Conclusions and implications
Our findings suggest potential clinical benefit for a group at serious risk from their asthma, who utilise a high proportion of costly healthcare resources and, as a result of psychosocial problems, often have difficulty engaging with healthcare services and interventions. The use of registers for these patients may reduce hospitalisations and improve aspects of their care, such as prescribing practice, with no increase in perceived staff workload or costs. This study does not provide conclusive evidence to support the suggestion in current British asthma guidelines1 that asthma risk registers may be helpful. However, it informs how they can be implemented in practice and provides a basis for further research studies.

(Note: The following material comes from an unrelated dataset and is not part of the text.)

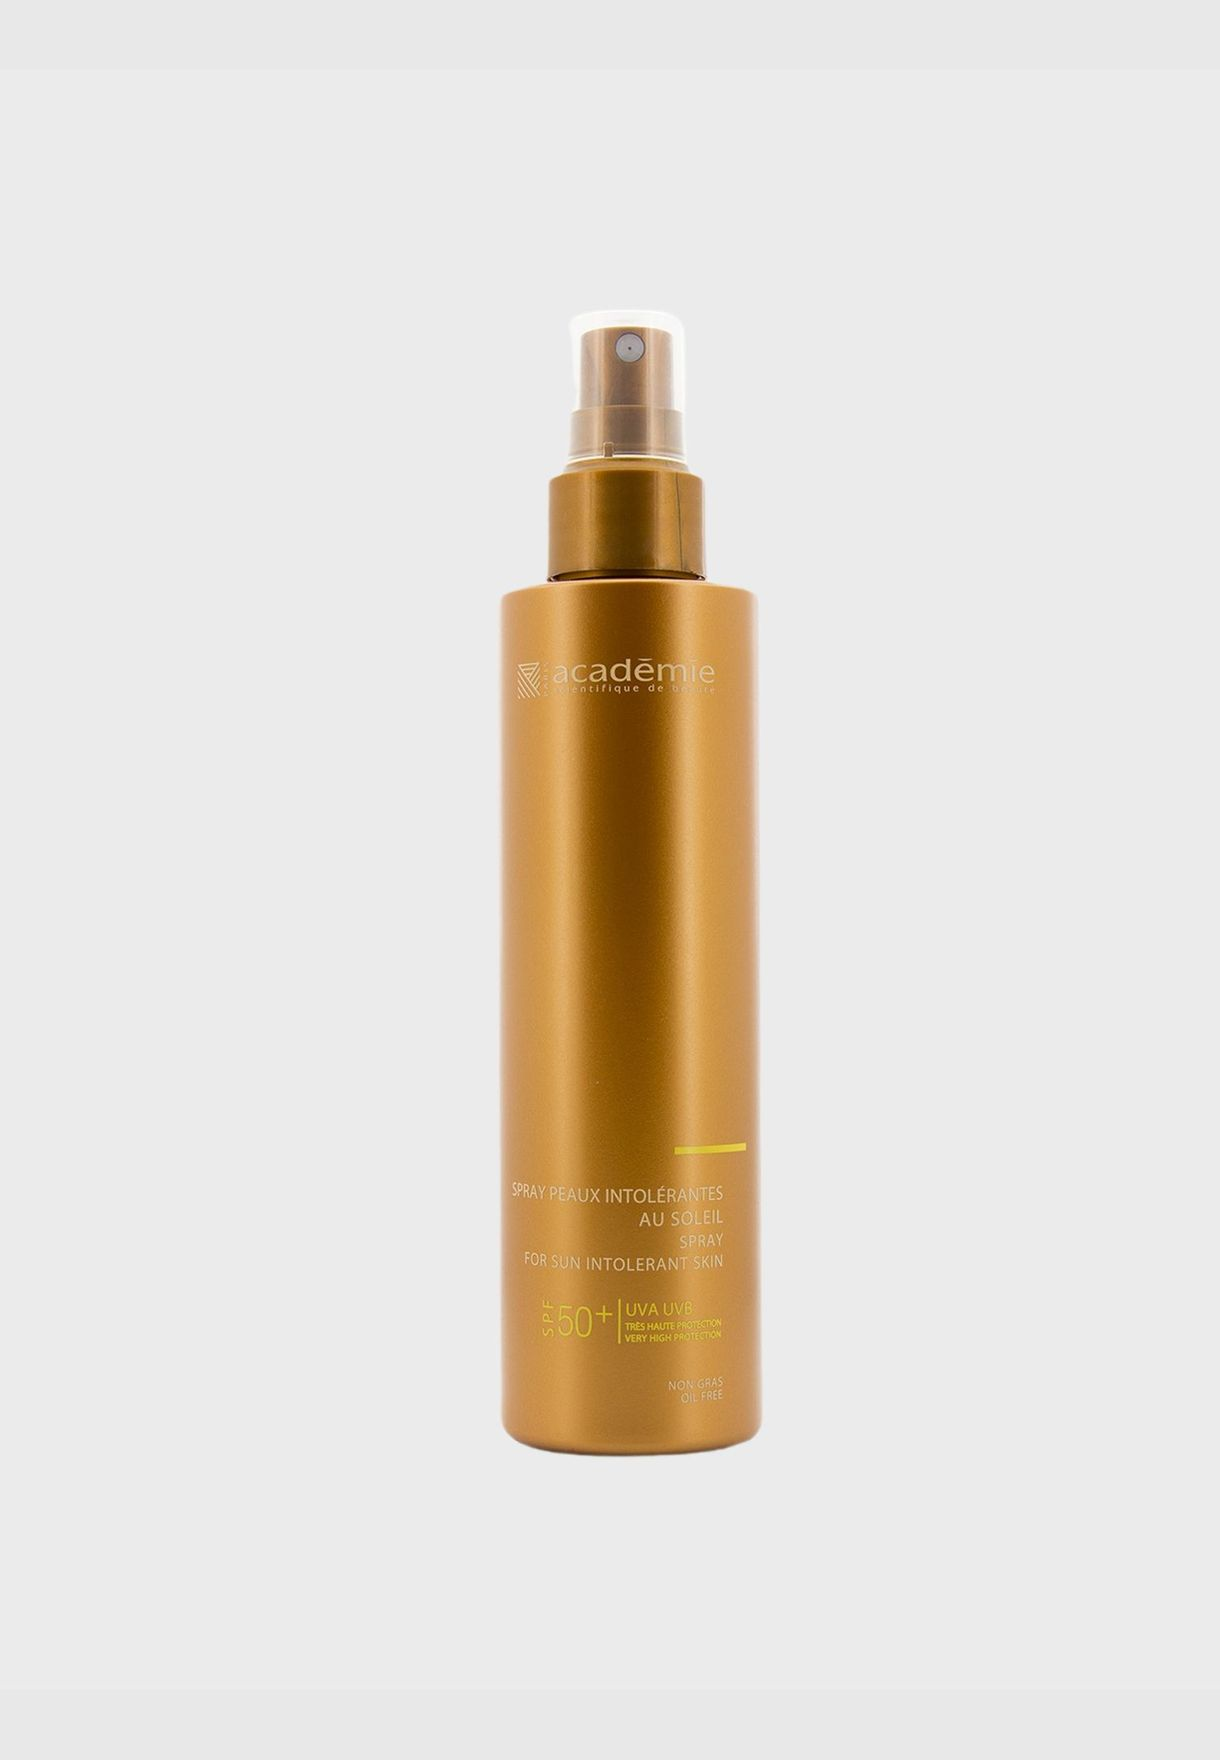 Spray For Sun Intolerant Skin SPF 50+ - Oil Free

With thanks to Asthma UK for funding, all the practices and their staff involved, patient representatives on the Project Management Group Penny Vicary and Margaret Kent, Dr Shuaib Nasser, Dr Richard Gilbert and Dr John Battersby who served on the Independent Trial Steering Committee, and Database Manager Tony Dyer, Computer Science student Ricardo Ramirez-Gonzalez and Researcher Adam Martin for database development and assistance with database programming and costing respectively.
Funding This study was funded by Asthma UK (Project no. 06/047). Neither the funder nor sponsor had a role in the design, data collection, analysis, interpretation, writing up, or decision to submit for publication, responsibility for which rested solely with the authors.
Competing interests None.
Ethics approval Ethics approval was provided by Norfolk Research Ethics Committee (reference number 06/Q0101/200).
Provenance and peer review Not commissioned; externally peer reviewed.